3. Add the E of the leaving group selected in the S-LGM stage to the response event probability predicted by the RCP and LGM modules to obtain the energy of the IT stage;

4. In the S-LGC and S-RCP phases, based on the dynamic programming algorithm, all possible nodes in the search tree are expanded. Events with probabilities greater than a preset threshold are selected, and E is fixed;

5. Adjust the number of hydrogen atoms and formal charge of each atom to ensure that the resulting molecular diagram conforms to the valence rules and calculate the final E.

Figure 5: RetroExplainer’s decision-making process

a: RetroExplainer’s search path for two prediction results;

b: Decision curves of the top 12 predicted routes;

c: 6 structural change processes representing the synthetic routes.
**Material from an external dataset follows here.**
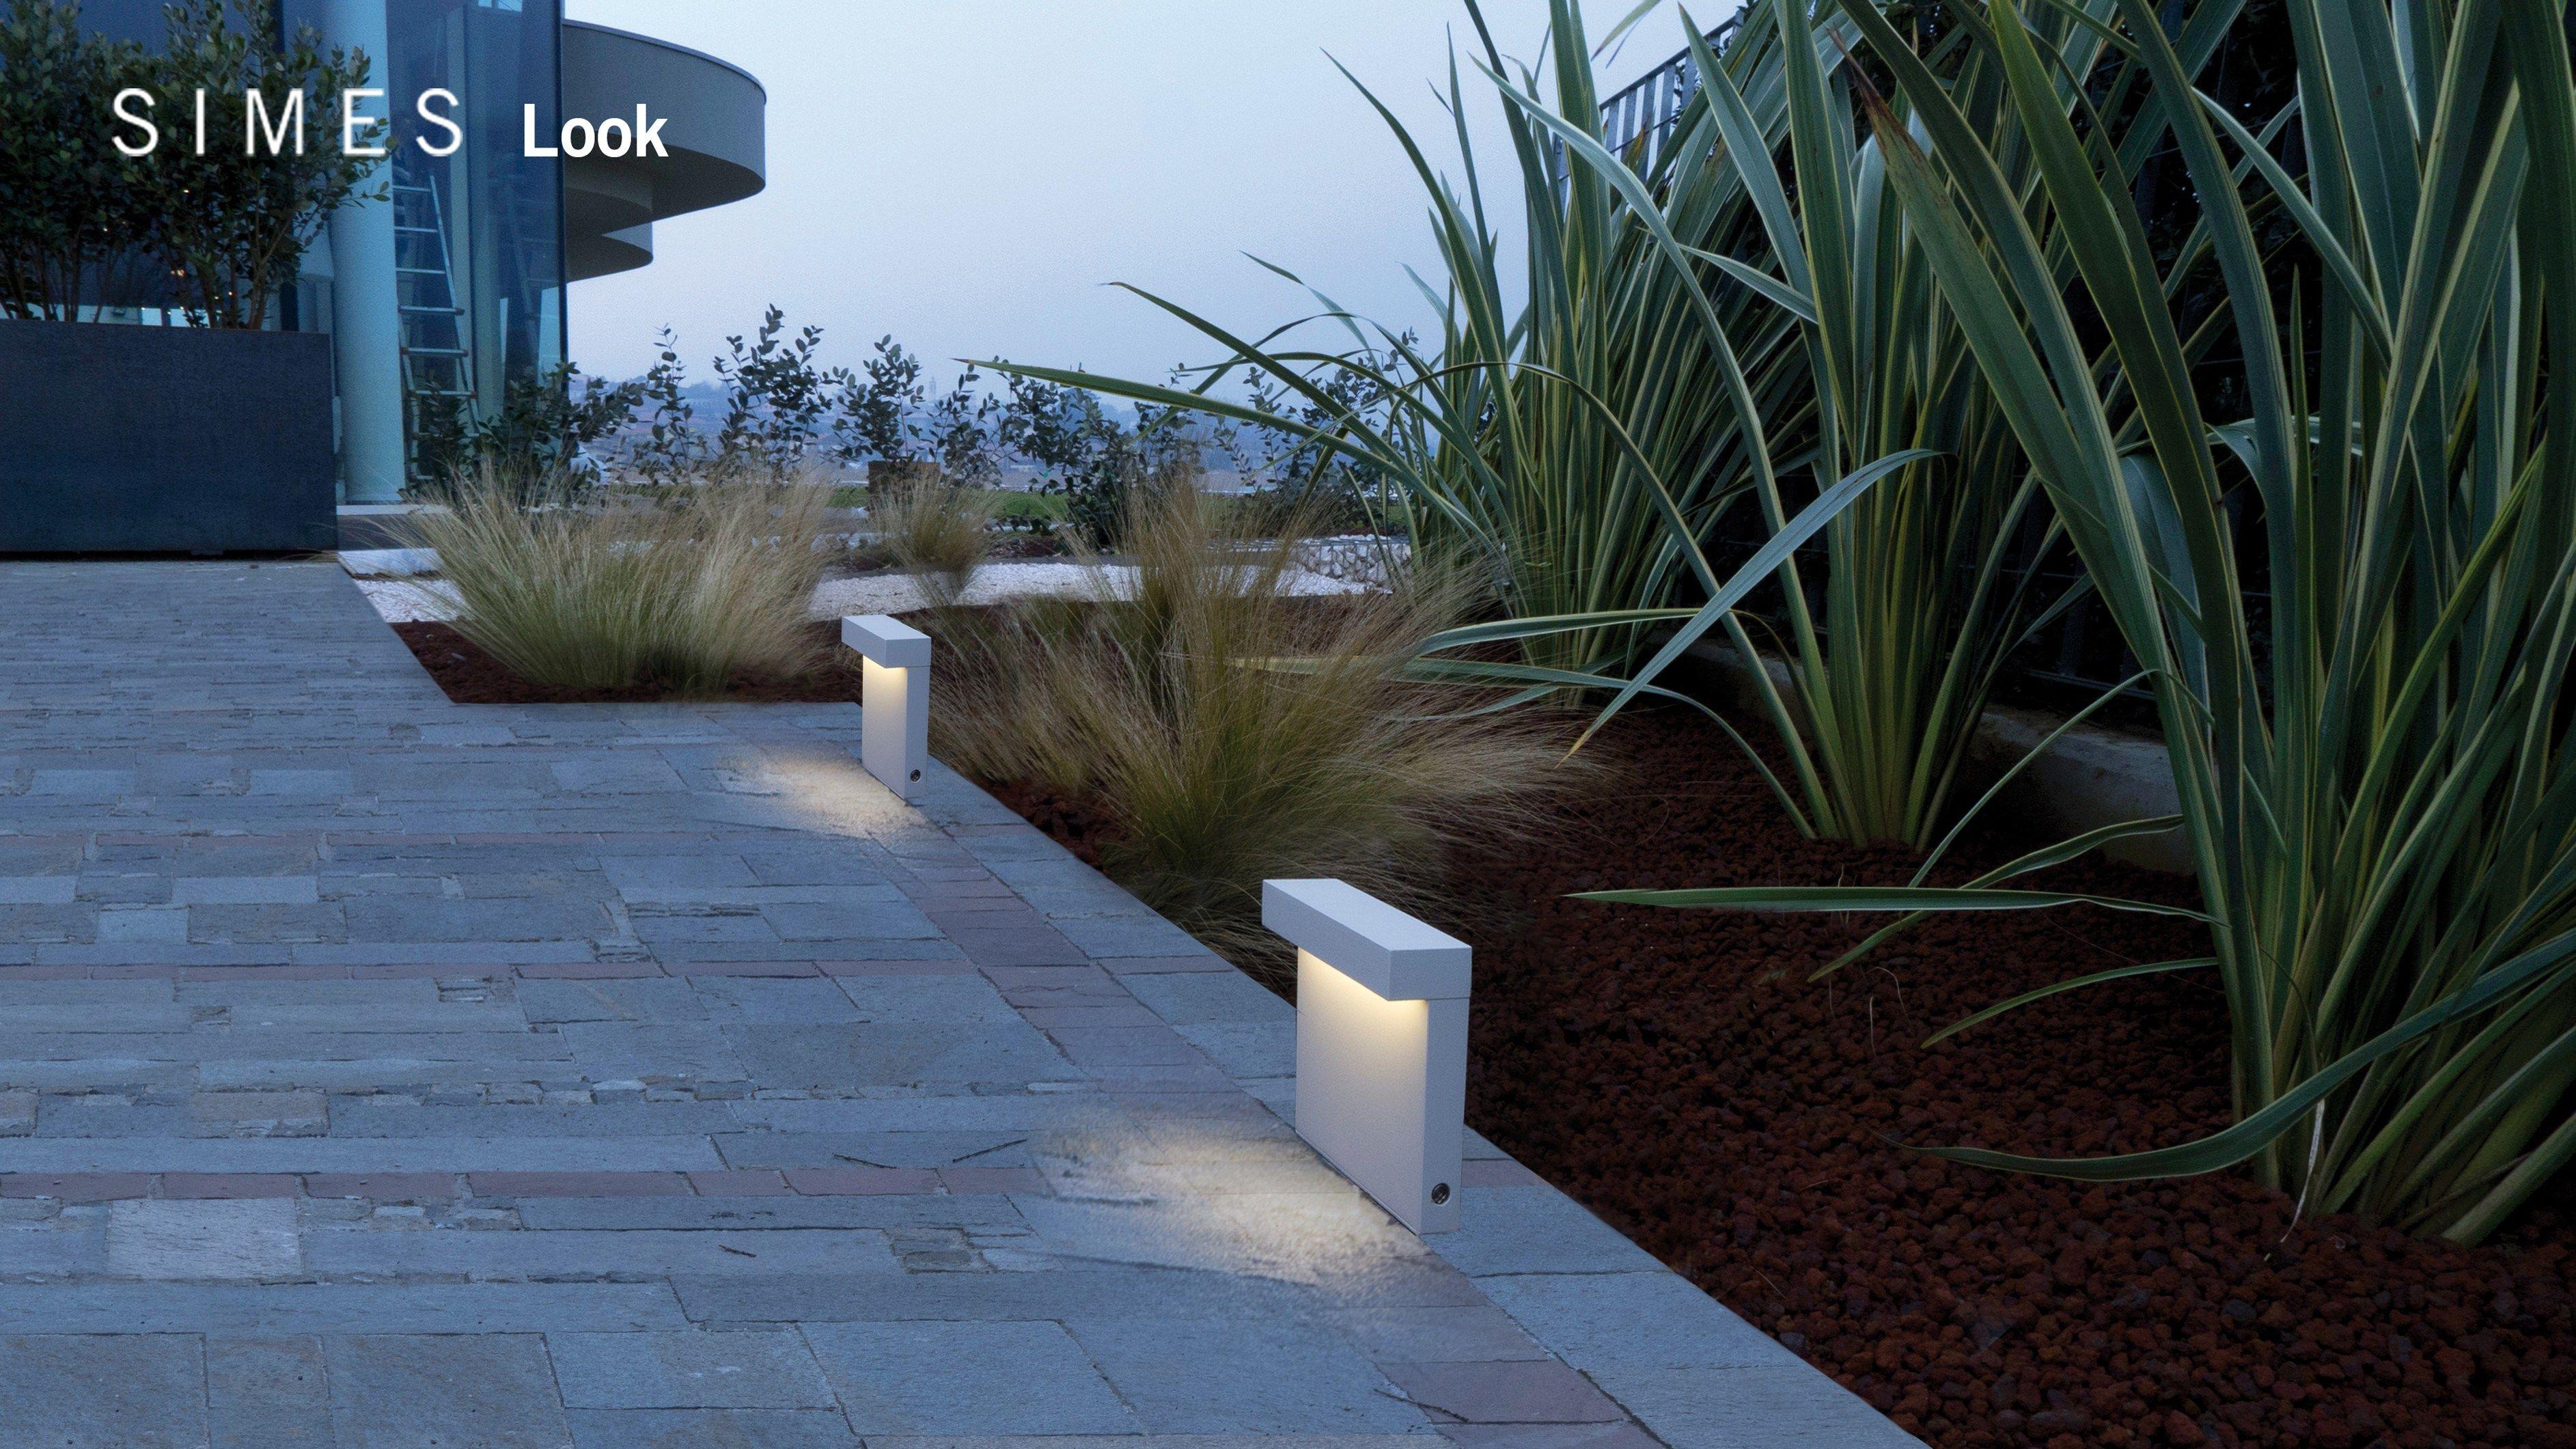 Look Led Wandleuchten By Simes Landschaftsbeleuchtung Licht Im Garten Aussenbeleuchtung

By drawing a decision curve based on the change of E, we can analyze the decision process of RetroExplainer and find out the prediction errors of RetroExplainer.

As shown in the figure, the correct synthetic route for the product should be the deprotection reaction of the amine, but RetroExplainer ranked it 6th, and the 1st was the CN coupling reaction. Analysis found that RetroExplainer tended to increase the number of hydrogen atoms of the amine in the HC stage, which led to this difference.This indicates that RetroExplainer may make the same misjudgment of molecules with similar structures at the HC stage.
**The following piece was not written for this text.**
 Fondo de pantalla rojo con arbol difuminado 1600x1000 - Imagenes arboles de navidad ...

By comparing the reactions of RetroExplainer ranked 1st and 2nd,Researchers found that E may be related to the difficulty of the responseAlthough the connection between I:33 and C:26 in reaction 1 is not conducive to energy reduction, connecting a hydrogen atom at C:26 requires 13 times the energy of the previous reaction. At the same time, the introduction of I:33 weakens the selectivity problem faced by the CN coupling reaction.
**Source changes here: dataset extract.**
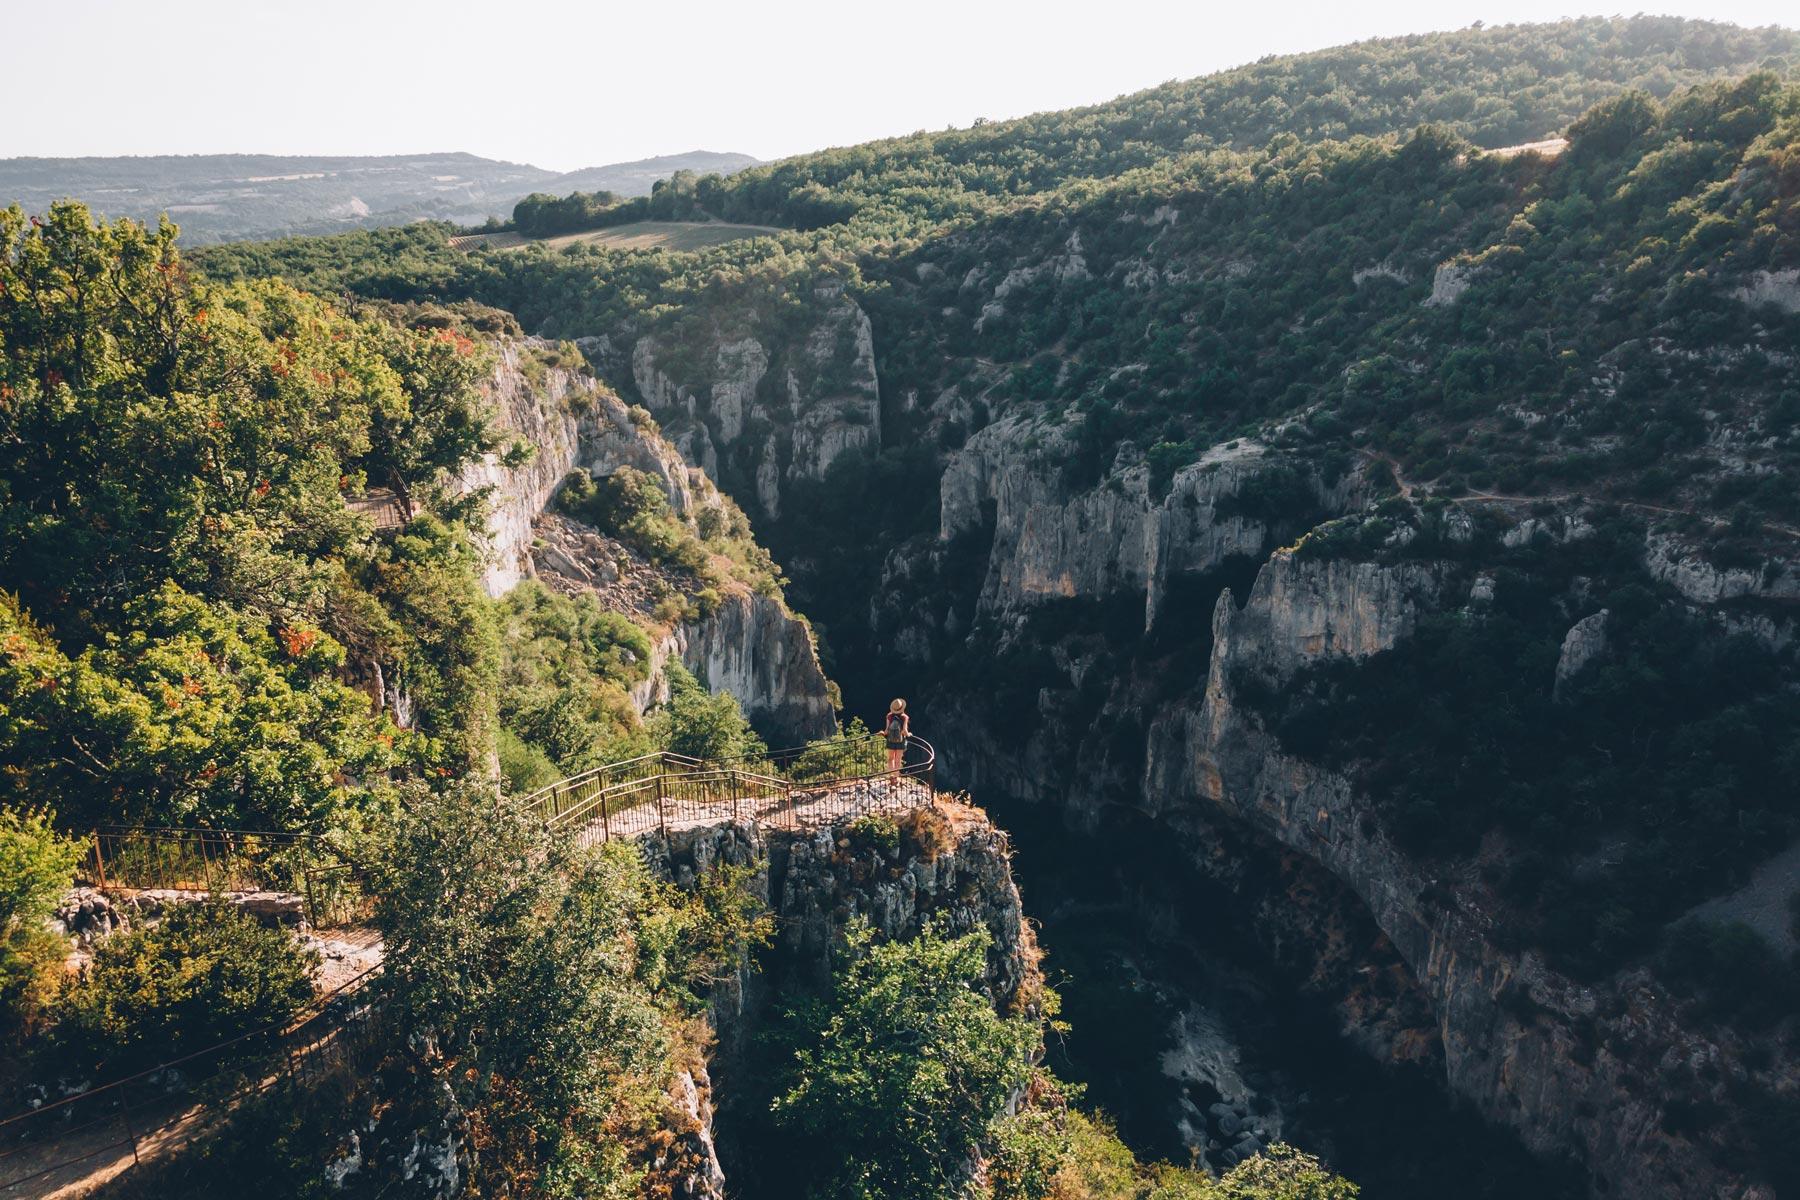 Gorges d'Oppedette, Alpes de Haute Provence

at the same time,Steric hindrance can also affect the prediction results of RetroExplainerComparing the reactions ranked 4th and 21st, their molecular structures are the same, but the leaving groups are attached to the symmetrical N, resulting in differences in E.

Path Planning:Multi-step predicted synthetic routes

To improve the practicality of RetroExplainer's predictions, the researchers combined it with the Retro algorithm, replacing the latter's single-step predictions with multi-step predictions.

Taking the bronchodilator Protokylol as an example, RetroExplainer designed a four-step synthesis route for this product. Subsequently, the researchers conducted a literature survey on the four-step reaction to explore its feasibility.

Figure 6: RetroExplainer's 4-step synthesis of protosan

The blue text in the figure is a similar response recorded in the reference, and the red part is the decision-making process of RetroExplainer.

Although many reactions did not find exactly the same reference, they found similar high-yield reactions.RetroExplainer designed 176 experiments for 101 cases, of which 153 could find similar reactions in SciFinder.

The above results show that RetroExplainer is better than other existing algorithms in predicting retrosynthesis. At the same time, RetroExplainer's decision-making is transparent and explainable, and it can plan reactions in multiple steps, making it more feasible. RetroExplainer is expected to provide a powerful tool for retrosynthesis research in organic chemistry.

Performance vs. explainability, the contradiction of AI

Explainability is a key factor in applying AI in various scenarios. With the continuous development of AI in industries such as driverless driving, medical diagnosis, and financial insurance, the decision-making process of AI has become increasingly important and is facing more and more practical, social, and even legal issues.

At the same time, explainability can help users understand, maintain and use AI, and discover and understand new concepts in AI application areas. Explainability also reflects the feasibility of the results and tells users that the benefits of this decision are the greatest.

Figure 7: Explanation phase of the problem-solving process

However,Model performance and model interpretability are a big problem for ScienceAIIf the model has good performance and good cross-test set robustness, then high-dimensional deep features may work better, but they do not have any physical meaning, which is what we often call "The interpretability of scientific research is generally poor".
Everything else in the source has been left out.